I have also had reasonable results with The eReader Cafe and less so with Book Doggy but this is reflected in the price (it's only about £12).
In my experience, a Freebooksy promotion will obtain 2K - 5K downloads, though some genres may do better; others, worse. But this is enough to give a sagging book a lift, get future sales - especially good if your book is the first in a series - and obtain new reviews and ratings.
Then there is BookBub. You've probably heard of it. It's fabulous, and has not 1000s but 1,000,000s of subscribers. It costs about £540 to promote a free book for one day (it works in the same way as all the others), but it's worth it. You have to submit the book for their consideration, and they only take around 10% of those submitted, but you can keep trying; I know of one writer who submitted about 16 times before finally getting accepted. I've been accepted twice so far, and got 37K downloads the first time, and 45K the second. For each, I got over 300 new reviews or ratings across all sites (all Amazons, Bookbub itself, Goodreads) for each book (it's probably more by now), and the boost this gave me in Amazon visibility meant that I made the money back several times over in the two or three months that followed, in sales for the book that had been on promotion, and others.
For more details of any of these promotional sites, take a look via the links provided. Do be aware, though that the wider your readership, the more likely you are to get some bad reviews. Most of the ones I got for The Devil You Know were extremely positive, but I got a few humdingers for The House of York!

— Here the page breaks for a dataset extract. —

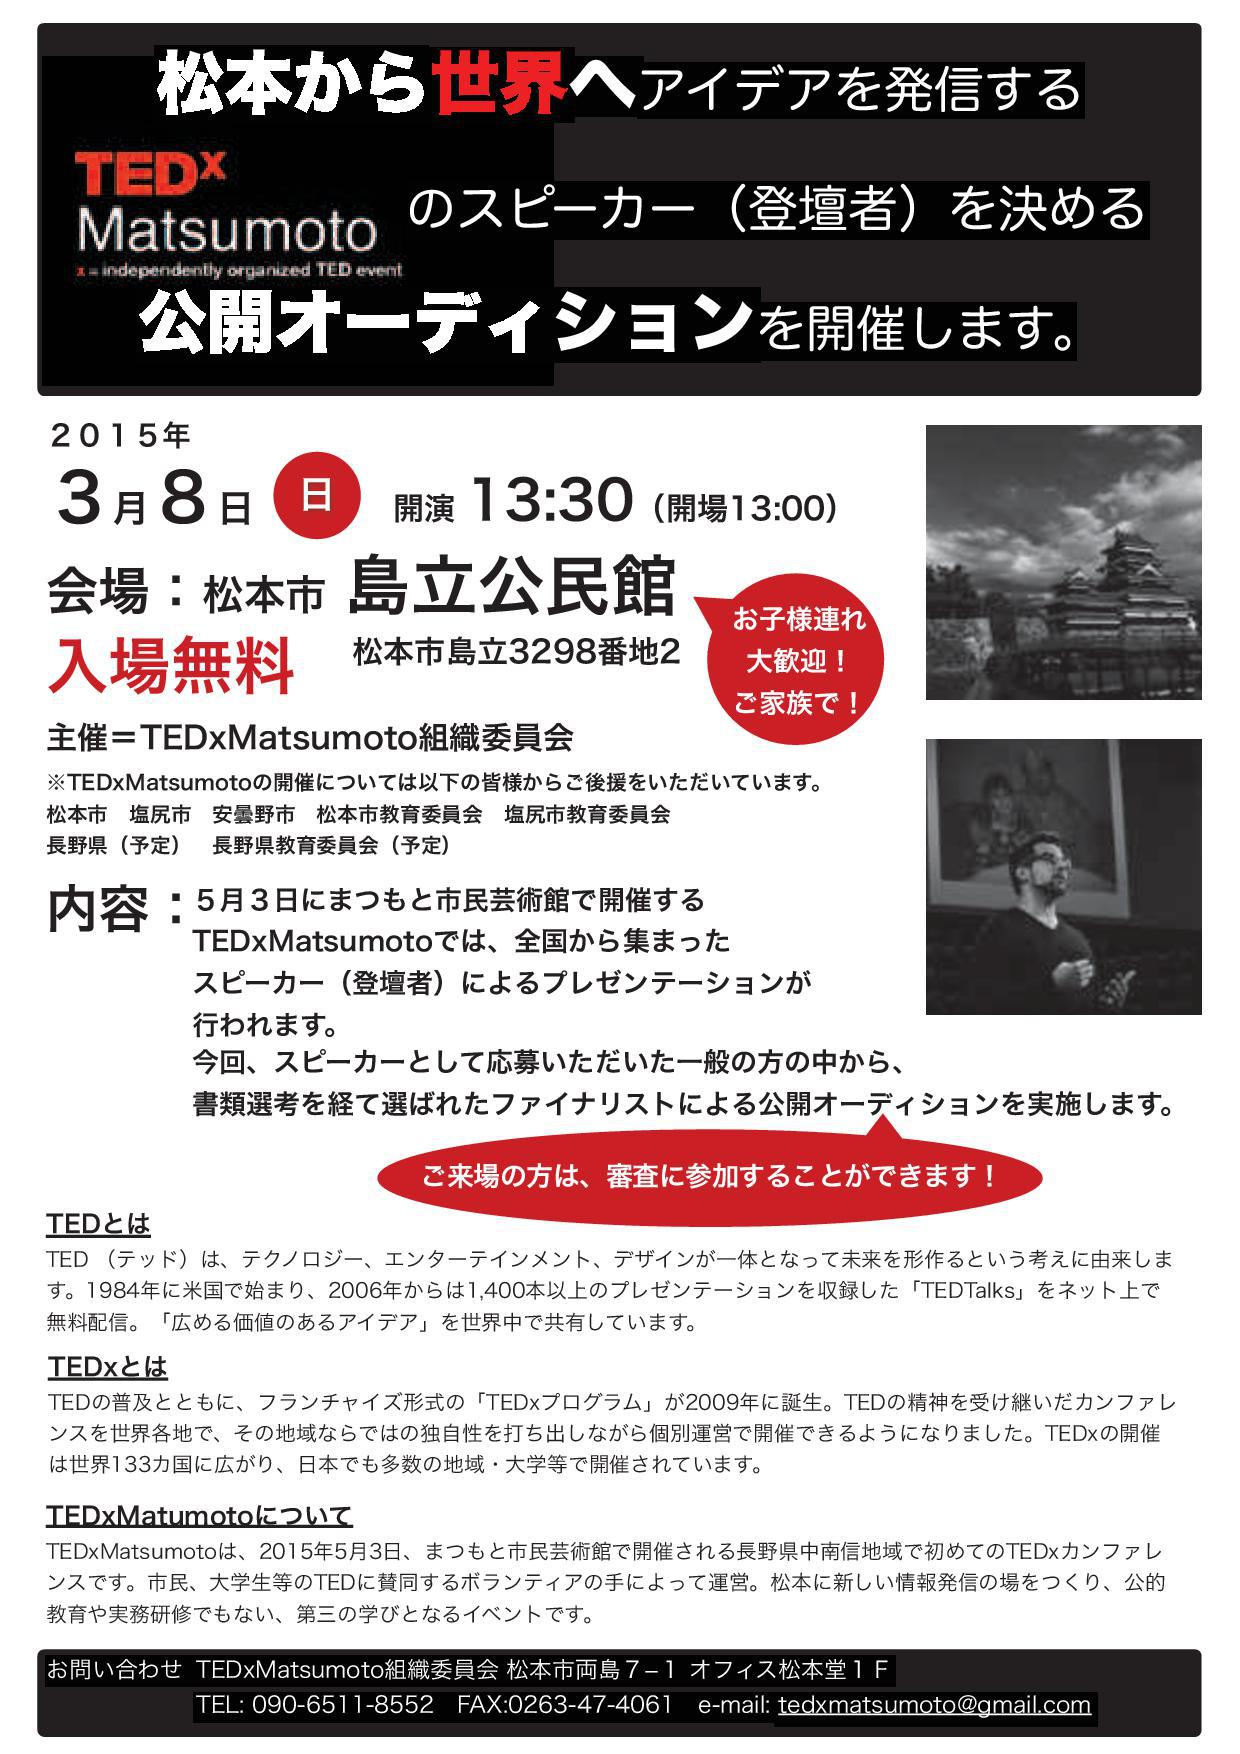 Tedxmatsumoto 3 8日 13 30 公開オーディション開催決定

Unless you're getting a great deal of bad reviews, in which case you need to take a long, hard look at the book itself, it's just something you must learn to accept. And you can learn from them, sometimes.
5. The Quality of the Free Book
The ideal world: 1000s will download the free book, read it immediately, think, 'Wow! I need more!', then leap to Amazon and to buy more of your work. Of course, this rarely happens.
Think about your own reading habits. If a book really grips you, you'll buy the next in the series or another novel by that author. If it's just 'quite good' but didn't really grip you, or it's okay but still needs some work, you probably won't. Similarly, if you can see that it's good but it's just not your thing - no book appeals to everyone.
I have a four book series, and put the first one, Tipping Point, on free a couple of times a year. I get around an 80% 'read-through' to Book #2, Lindisfarne, and 70% for #3, UK2, though only about 60% to #4, Legacy. But the people who do read all four often go on to buy others; the associated short stories, another book set in the same world, The Devil You Know, and my most recent, 2-book series. These are the ones who like my writing style—the more downloads you get, the more likely you are to find them.
If your free book is not soundly edited and proofread, with great pacing, characters that the readers care about, realistic dialogue and a well-constructed plot without any dodgy bits, you will get less read-throughs, and less reviews. I say this from observation and, sadly, experience - my first two books needed better editing and proofreading. I thought the fantastic free promo would get me started. It didn't. That came several books later, when I was more experienced in every aspect of novel-writing. I did get some great reviews, and found readers who stuck with me, but I got some bad ones, too, and made errors with the subject matter of the third and fourth books - basically, it was a learning experience!
Putting one book on free is no guarantee of future sales. However! A lack of them might not necessarily mean your book is a mess. It might be simply because of my theory, which I will now explain:
The following amounts are general estimates, so please don't take me to task about it; it's not meant to be actual figures, but to illustrate why you should not expect your free promotion to propel you into Amazon best-selling glory.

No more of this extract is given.